Когда спал отец, то нельзя было шуметь, а когда ел, то надо было доесть все из тарелки.

«Это кто хлебом брезгует, кто тут зажрался, а-аа?! Отвечать! Отвечать!»

И недоеденную корку сжевывали у него на глазах. Доедал Матюшин с детства, давясь, но доедал. Это был страх, но такой же трепещущий, зараженный любовью, что и жалость старшего брата к отцу, – и любовь, а не страх, делала их души подвластными отцу, грязью в его руках. Любовь эту нельзя было истребить в их душах. Как не постигал отец, что отторгает детей и мстит этой чужой жизни нелюбовью к своим детям, так и дети не постигали, что чем сильней будет эта нелюбовь отца, эта его священная кровная месть жизни, приносящая их в жертву, тем жертвенней и неодолимей будет порыв любви к нему, точно порывом и силой жизни; что нелюбовь к ним отца, но и любовь их к отцу неистребимы, как сама жизнь, и не могут друг без друга.

II

Яков явился какой-то новый, отчистился, из-под копоти да черноты проступил твердый свет, человек. Потому, верно, возвращение его в семью было неожиданно для всех радостным, светлым. Он был теперь, верно, не тенью уж, а самим отцом, как тот и мог выглядеть в молодости, но и лучше, чем отец, и даже сильней. По дому он истосковался, может, возмужал, но в глазах, в том, как он теперь глядел, и в молчаливости, несхожей с отцовской тяжелой немотой, было что-то глубже сокрыто: как если бы молчал Яков, весь прежний скрываясь в молчание, в терпение, точно в боль.
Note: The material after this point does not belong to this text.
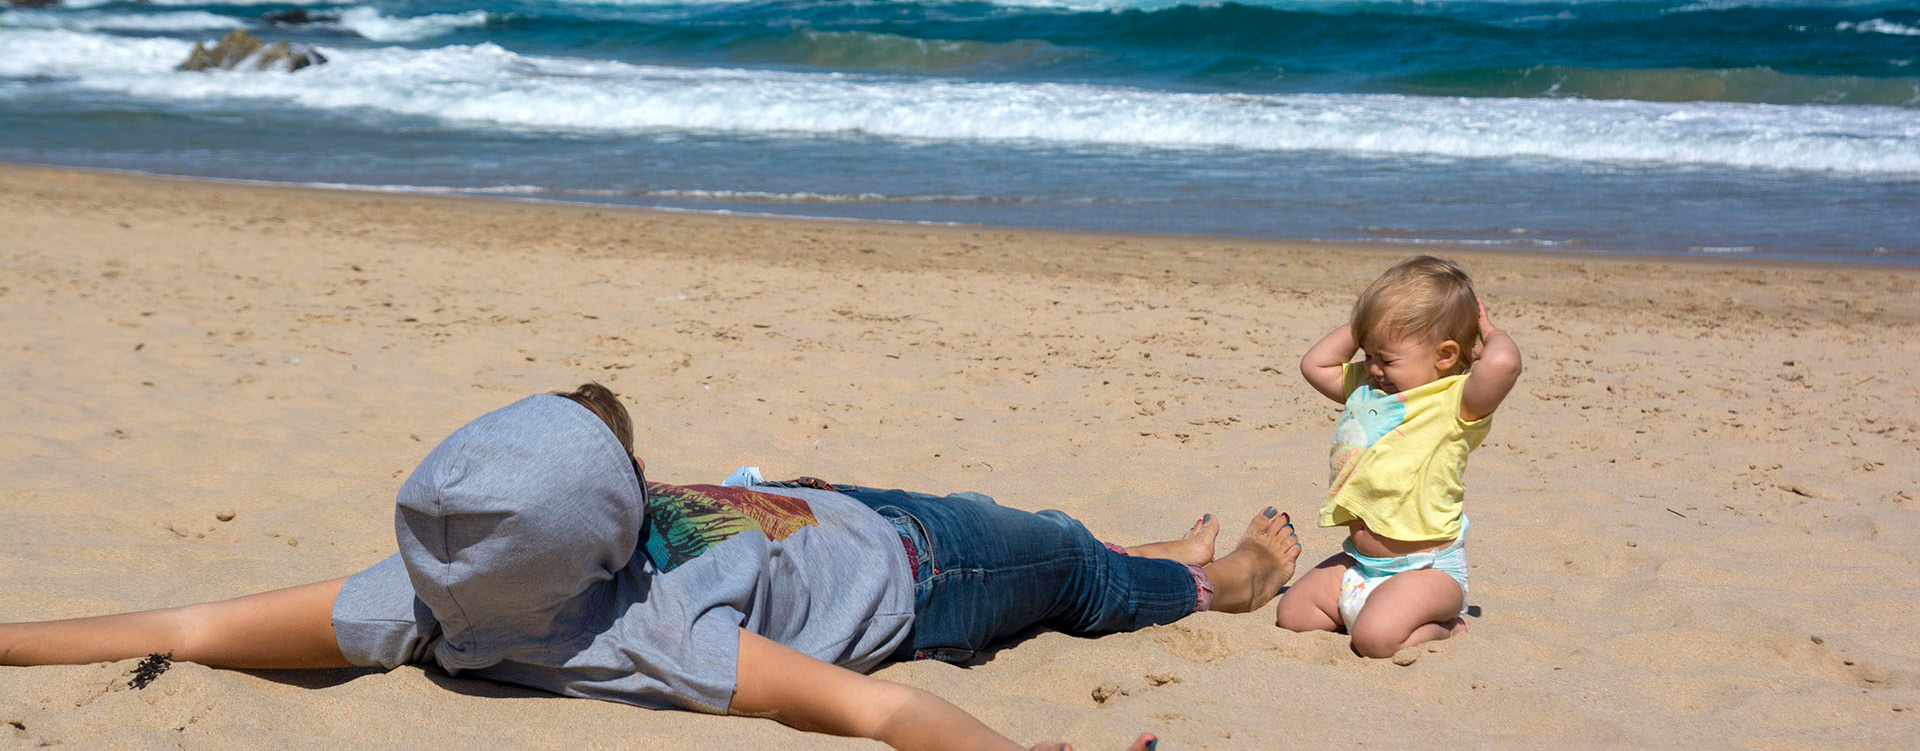 RPA - plaża
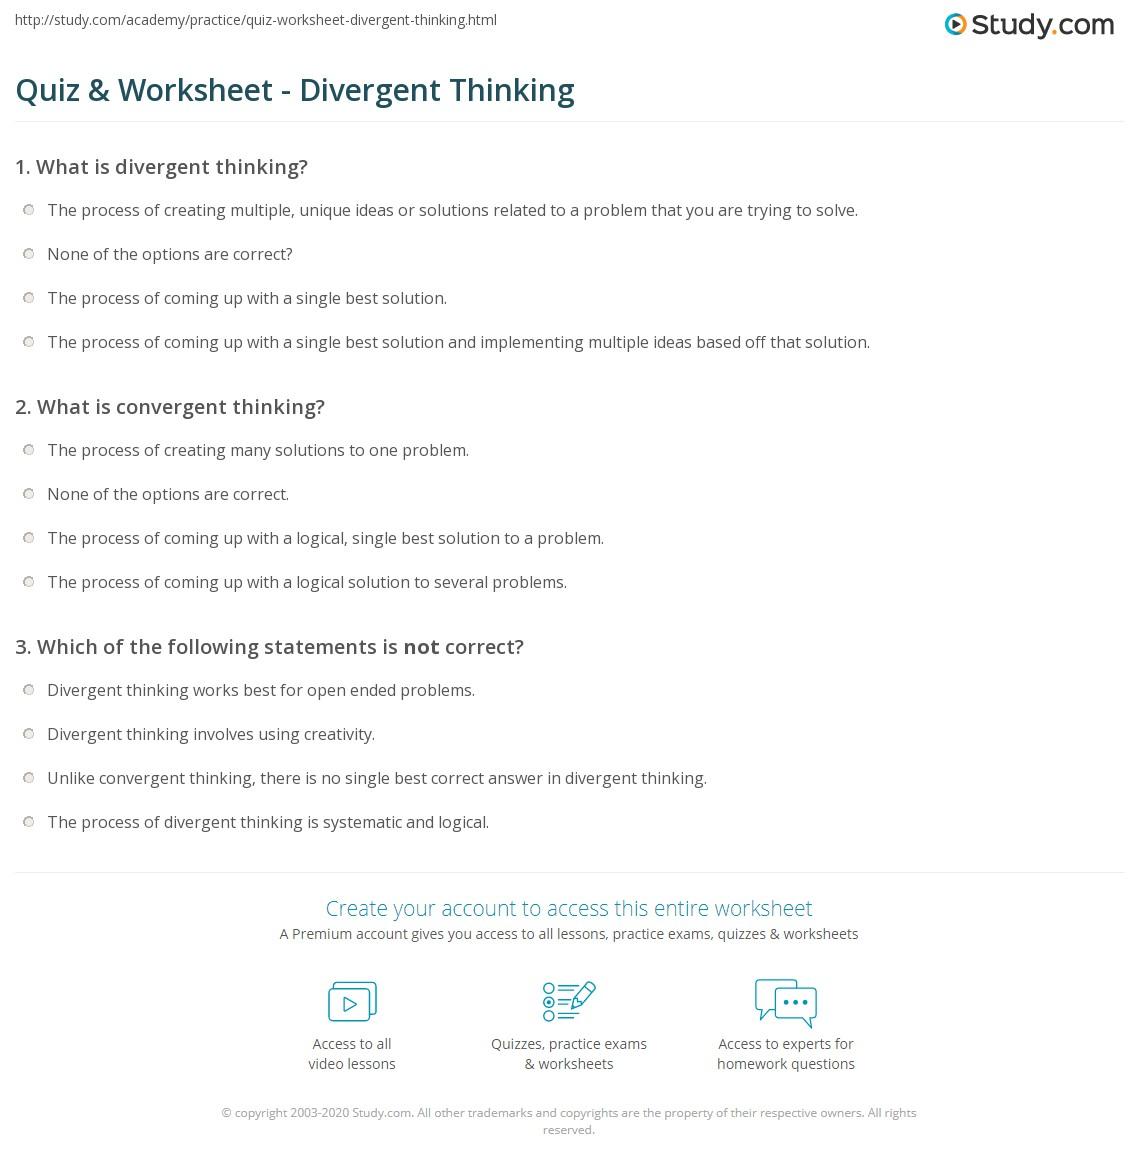 worksheet Criminal Thinking Worksheets workbooks looking and thinking worksheets free printable quiz worksheet divergent study com

Положение Григория Ильича было крепче некуда: полковник, командир свежеиспеченного полка, с пылу и с жару – так крепко, осанисто выглядел он. Сыном Григорий Ильич не прочь был уже погордиться и собой гордился, что воспитал. Тогда, в те дни светлые, и вздумал Григорий Ильич сделать Якова военным. В таланты его он не верил, да и сам Яков никак себя в жизни не проявил, никаких у него интересов не открылось, желаний. Может, отец решил укрепить сына, покуда не расшатался, а верней службы ничего Григорий Ильич не знал. Может, не так он думал об Якове, как исполнял свое хотение украситься еще и сыном-офицером, были б они двое в погонах офицерских, как иконка. Но загадал Григорий Ильич сыну Москву – так сразу и родилась у него мысль о Москве, что есть там лучшее высшее на всю страну погранучилище, Яков-то и отслужил в пограничниках. В один час он высказал сыну, какой видит его судьбу, но Яков будто к тому готовился. Эта покорность в сыне, неизвестно откуда родившаяся и сильная, заставила Григория Ильича дрогнуть, решил он всерьез поспешать.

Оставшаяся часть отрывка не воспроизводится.